The COVID‐19 pandemic has affected many countries with very high case numbers, such as India, Brazil, the UK and Italy, yet large, population‐based estimates on pregnancy outcomes from these countries were lacking in this review. National registries from these and other countries would be ideally suited to investigate the impact of the pandemic on perinatal health at a population level. A harmonization of methodological approaches would also facilitate the assessment of the effects of the pandemic period on fetal, neonatal and maternal outcomes, as high methodological heterogeneity makes direct comparisons challenging. One important point to consider going forward will be that the rates of these outcomes fluctuate with natural variation over time. We hope to capture these fluctuations through 3‐monthly updates of this living systematic review. Future investigations should use approaches than can elucidate whether any fluctuation observed in a particular setting during the pandemic period is outside the range of expected natural variation.

CONCLUSION

In pooled analyses, we observed reductions in the unadjusted odds of PTB between the pandemic and pre‐pandemic periods; especially spontaneous PTB. However, this finding was driven by single‐center studies.

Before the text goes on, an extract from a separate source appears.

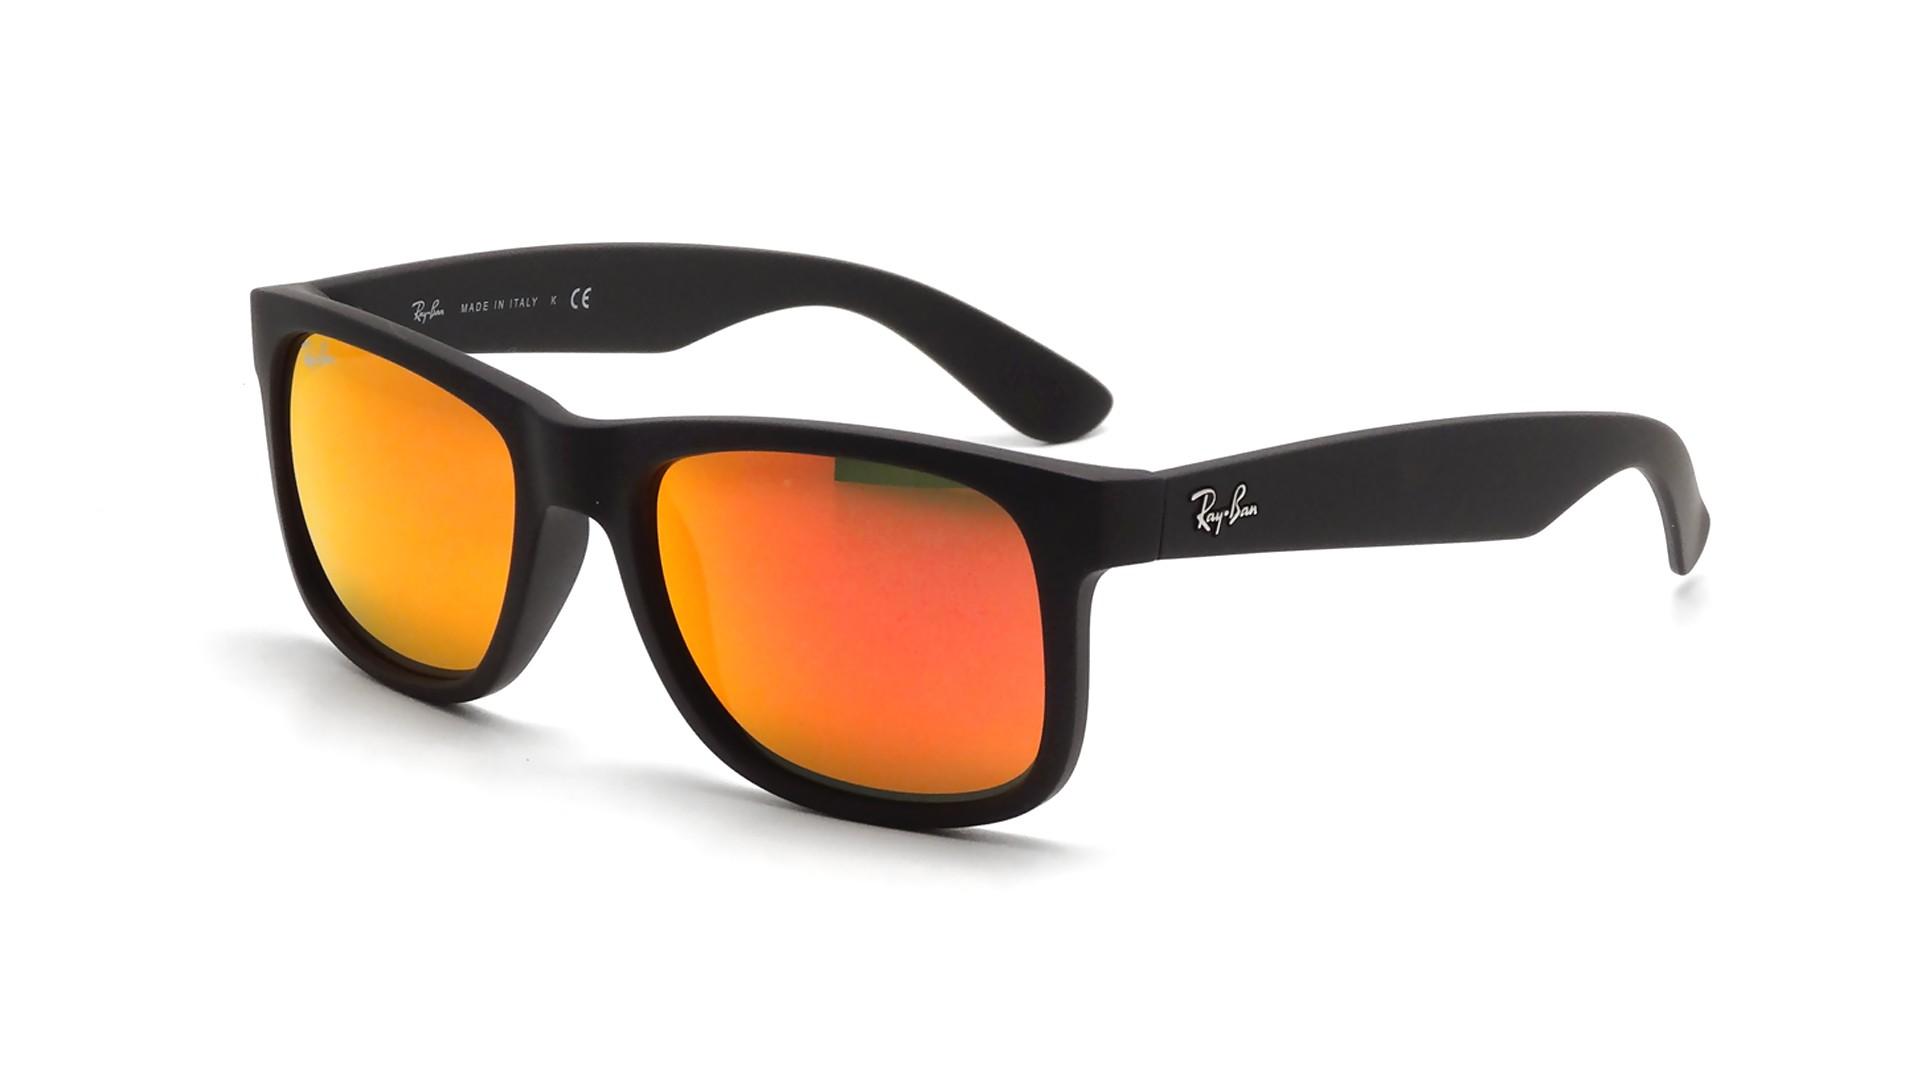 eca35985bf Ray Ban Justin Sunglasses Purple Frame Grey Lens « Heritage Malta

There was no difference in analyses of adjusted estimates of PTB or within subgroups of PTB. Although we did not observe meaningful differences in other outcomes, including odds of stillbirth, the data were more limited and precluded a robust assessment. Higher maternal mortality reported from Mexico indicates that further studies from low‐ and middle‐income regions highly affected by COVID‐19 are needed where drastic changes in the healthcare access, healthcare availability, and personal, social and environmental factors contributed disproportionately to adverse pregnancy outcomes. Since the findings are changed between reviews published recently and current reviews, there is a need for a living systematic review which can be updated regularly.

AUTHOR CONTRIBUTIONS

PSS conceptualized and designed the study and conducted and executed the search strategy. PSS and JY screened study titles, abstracts, and full texts; completed the analysis and risk of bias assessments; and wrote the first draft of the manuscript. AK, DBF, JWS, KEM, and RD contributed to the data interpretation, commented on all versions of the manuscript, and approved the final draft. All authors have approved this version of the manuscript as submitted, and all agree to be accountable for its accuracy.

CONFLICT OF INTEREST

None.

Appendix S1‐S15

Click here for additional data file.

TABLE 3

Results of studies reporting other outcomes

Outcome	No. of studies	Pandemic period (n/N)	Pre‐pandemic period (n/N)	OR (95% CI)	I 2 (%)
PTB <34 weeks	8	523/21 240	1592/62 282	0.87 (0.70–1.07)	67
PTB <32 weeks	13	3668/263 626	14 366/ 1 198 164	0.96 (0.78–1.19)	94
PTB <28 weeks	10	1136/240 218	5404/1 085 624	0.92 (0.79–1.06)	51
Spontaneous PTB	5	767/16 724	1685/31 598	0.89 (0.82–0.98)	0
Induced PTB	4	583/12 012	1453/26 954	0.90 (0.81–1.00)	0
Low birthweight	7	1673/24 121	7194/99 667	0.90 (0.80–1.02)	53
Very low birthweight	5	205/15 292	1366/114 636	1.03 (0.71–1.49)	65
Extremely low birthweight	4	33/7167	299/73 001	0.83 (0.32–2.17)	72
Neonatal mortality	6	583/90 976	1263/419 057	1.34 (0.71–2.55)	96
Birthweight, g	6	13 871 a	49 152 a	17.0 (6.9–27.6) b	0

PTB, preterm birth.

Birthweight is shown as total number.

Value shown is mean difference (95% CI) in grams.